Kristine A. Culp, Dean

Kris Culp has been Dean of the Disciples Divinity House since 1991. She is also Associate Professor of Theology in the Divinity School and in the College. She is the seventh dean of Disciples House and was the first woman to become chief executive of one of the theological education institutions of the Christian Church (Disciples of Christ). She led the Disciples Divinity House through its centennial anniversary in 1994, in marking the seventy-fifth anniversary of its Chapel of the Holy Grail in 2005, and through its 125th anniversary in 2019 with a $5 million campaign.

An alumna of the Disciples Divinity House and a 1989 PhD graduate of the Divinity School, she earned the Master of Divinity degree from Princeton Theological Seminary and a Bachelor of General Studies degree from the University of Iowa. From 1985-91, she was a member of the faculty of Saint Paul School of Theology in Kansas City, Missouri.

She is the author of Vulnerability and Glory: A Theological Account (Westminster John Knox, 2010), one of the first theological works to connect multidisciplinary conversations about environmental and economic vulnerability with theological anthropology and sociality. She is the editor of The Responsibility of the Church for Society and Other Essays by H. Richard Niebuhr (2008), which collected Niebuhr’s essays about ecclesiology and communities of faith. Her essays have addressed feminist and womanist theologies; the thought of Simone de Beauvoir, H. Richard Niebuhr, and John Calvin; fiction and visual art as resources and analogues in theological thinking; protest and resistance as theological themes; “experience” in contemporary theology, and issues facing the Disciples of Christ.

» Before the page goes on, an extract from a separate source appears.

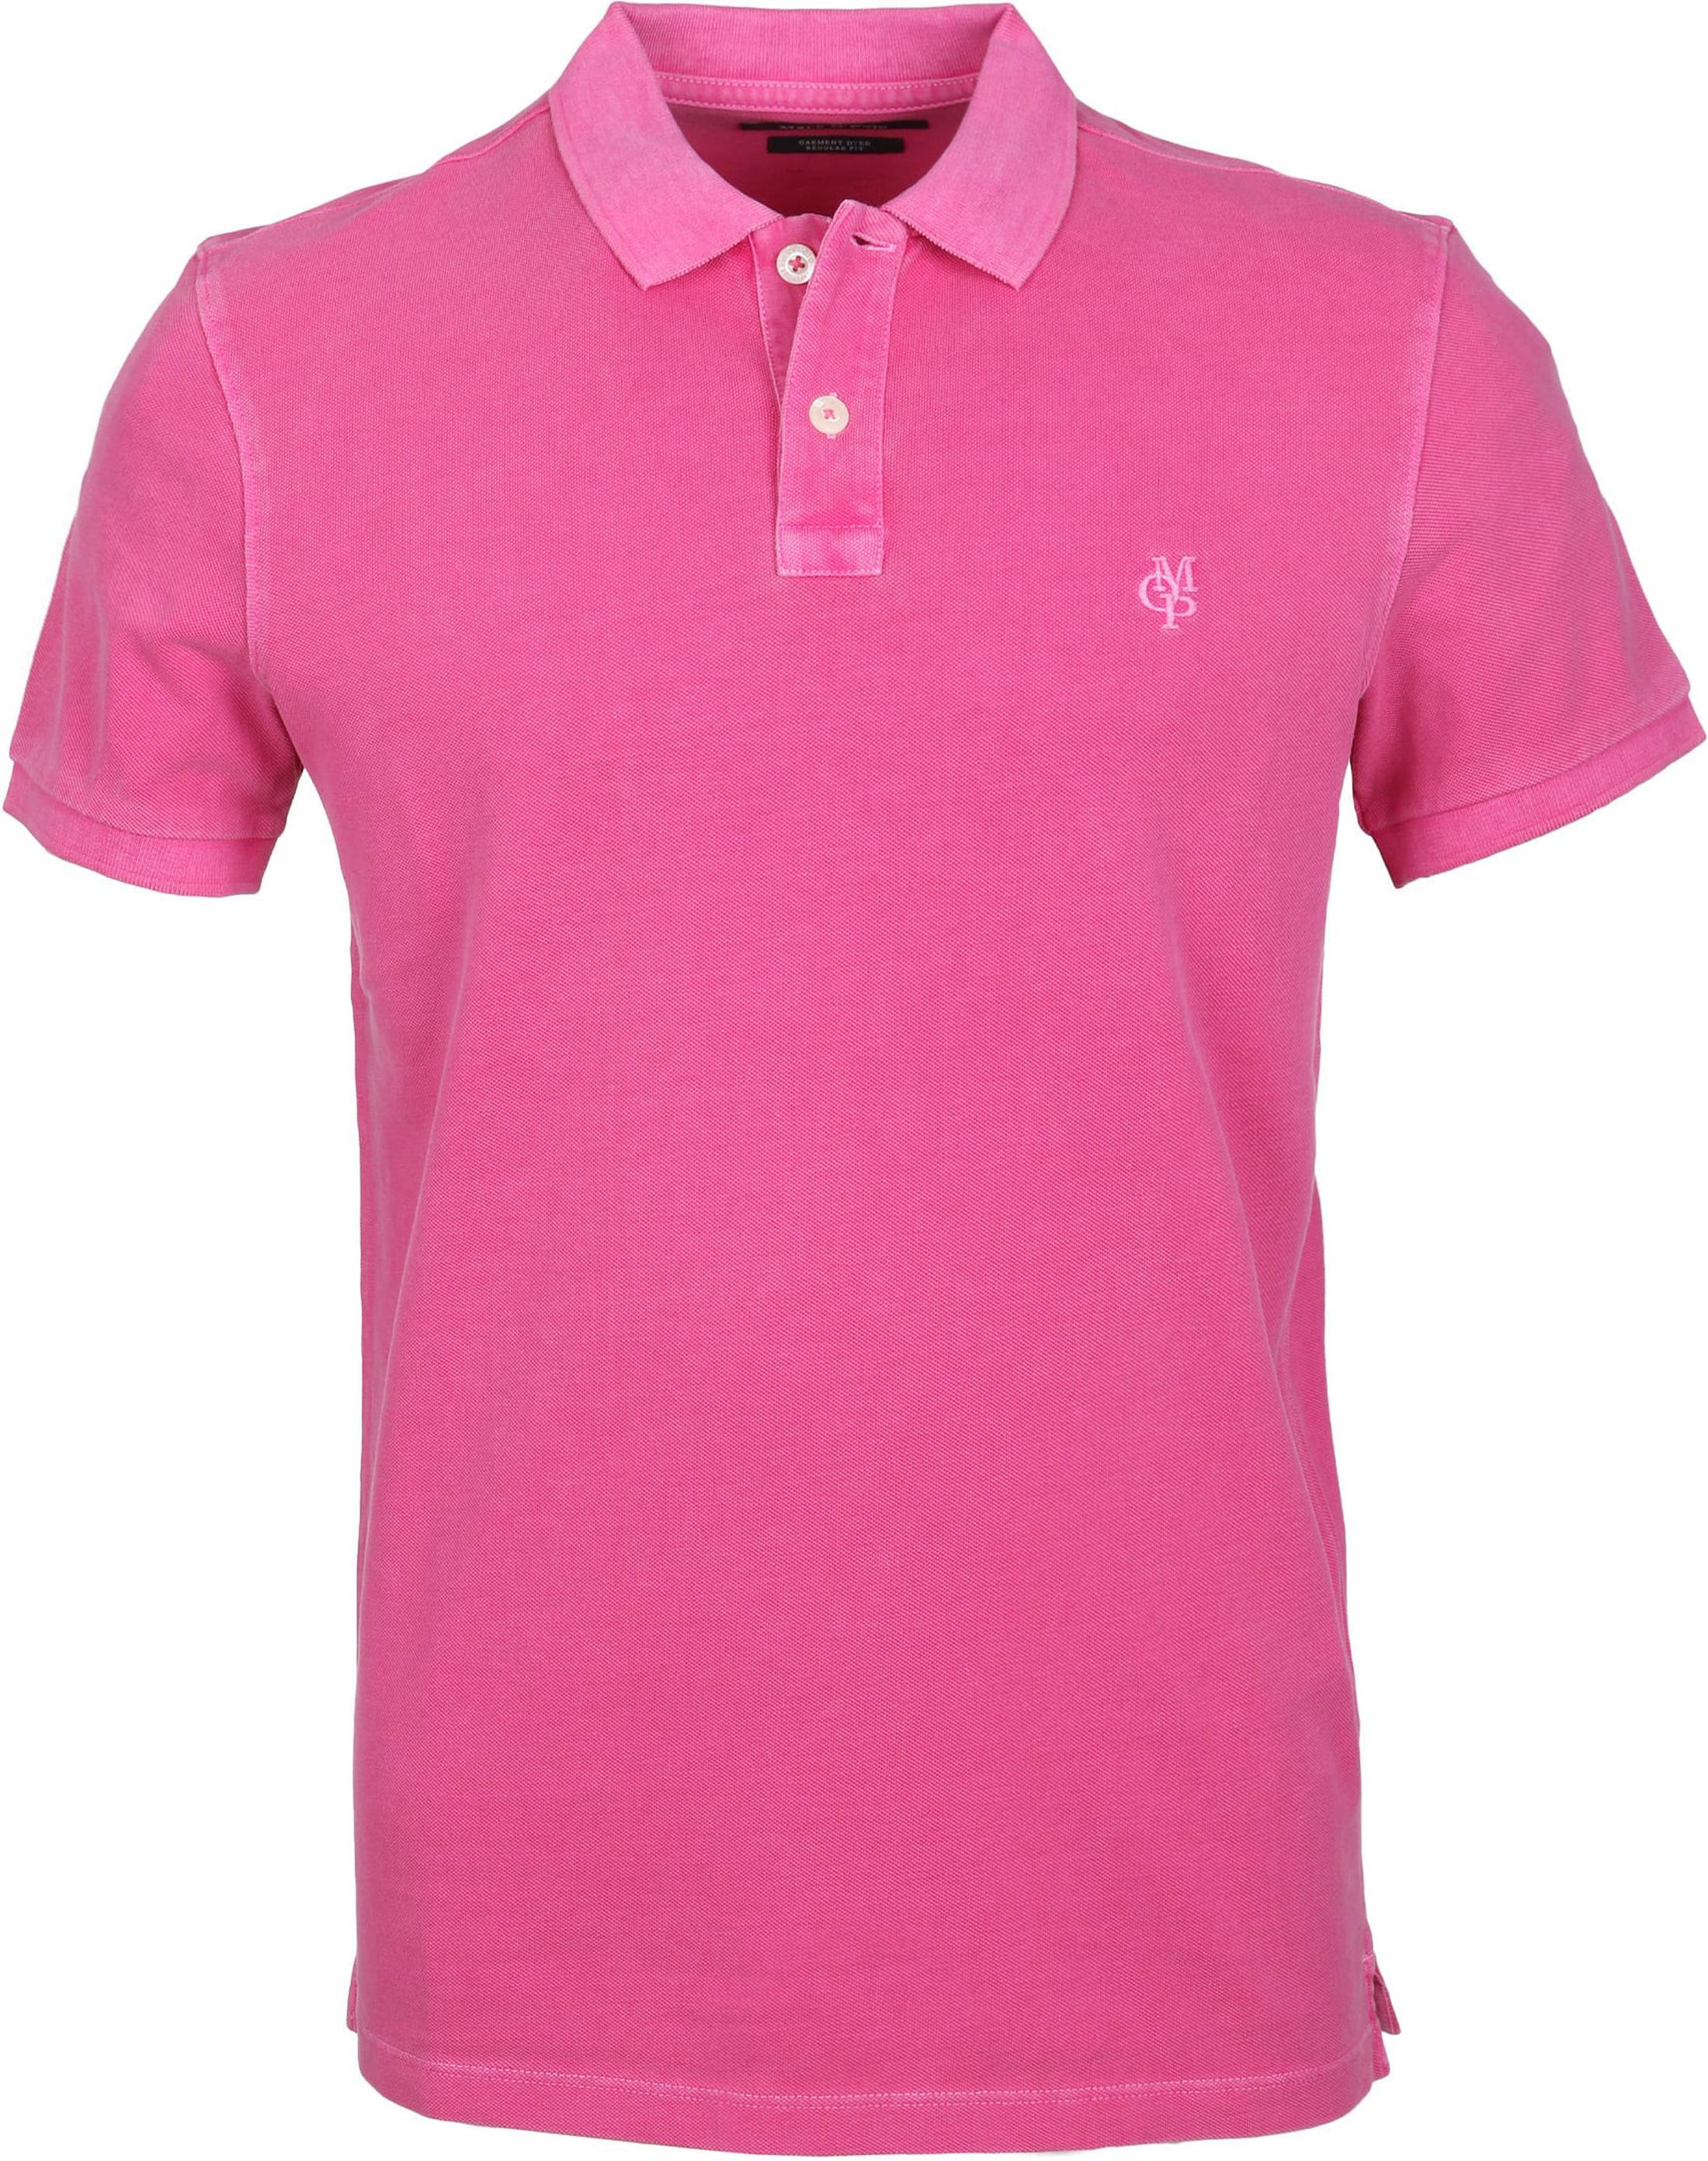 Marc O'Polo Poloshirt Uni Roze foto 0

She represents the Christian Church (Disciples of Christ) on the Faith and Order Commission of the World Council of Churches, and serves as one of the commission's vice moderator. She has served on numerous boards, including, presently, the Board of Stewards of the Week of Compassion; she regularly serves in an advisory capacity to various groups; and she has served as chair of the Council on Theological Education of the Christian Church (Disciples of Christ) and on the denomination's General Board and Administrative Committee. She was a founding member of the Board of Directors of DisciplesWorld, a journal of news, opinion, and features about the Christian Church (Disciples of Christ), and its chair from 2006-09. She is a former president of the Association of Disciples for Theological Discussion and was a founding member of the Forrest Moss Institute, an association of Disciples women scholars.

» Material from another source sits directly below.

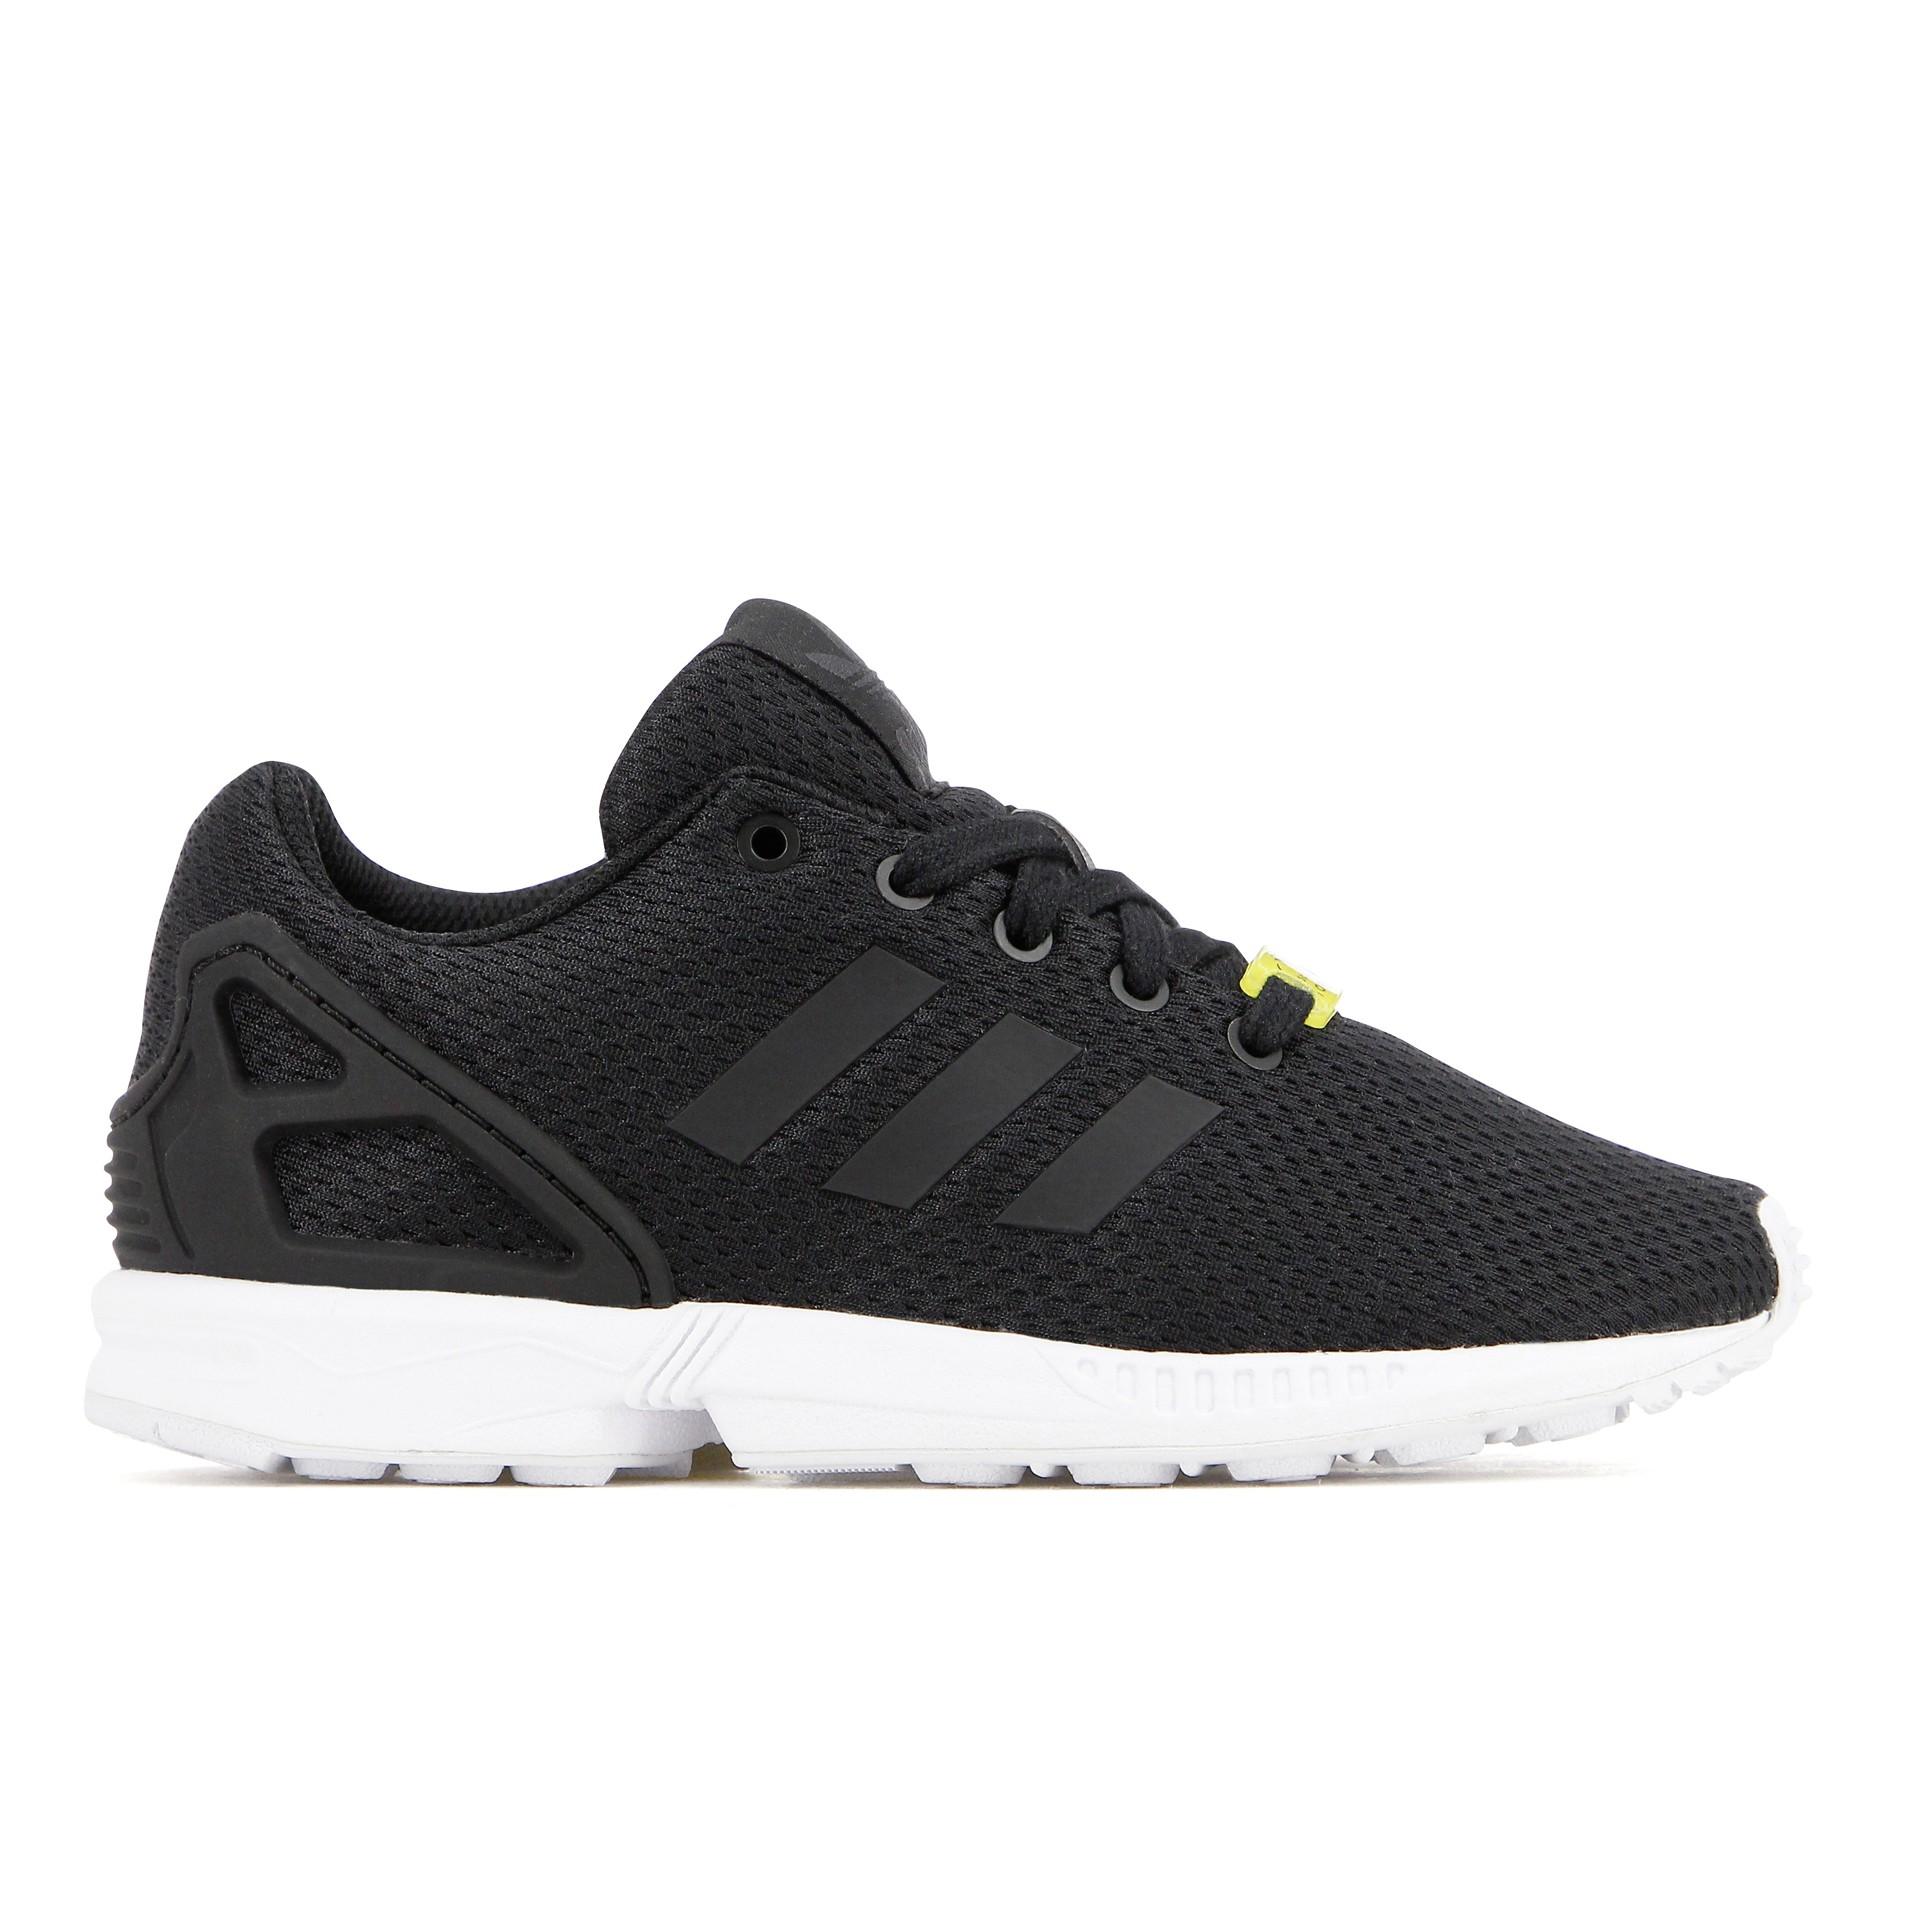 adidas zx femme chaussures

In her research and teaching, Kris Culp seeks to forward theology’s diagnostic and constructive contributions to knowledge and to life while also critically examining the ways certain theological constructions have functioned. Her current project explores creaturely glory. She engages a long history of practical theological discernment and deliberation about eating and tasting, architecture and place, visual art, and the natural world—and thus about enjoyment, vulnerability, suffering, resistance, change, and “aliveness.” The book project was initially developed as part of the Enhancing Life Project at the University of Chicago and Ruhr-University Bochum, funded by the John Templeton Foundation.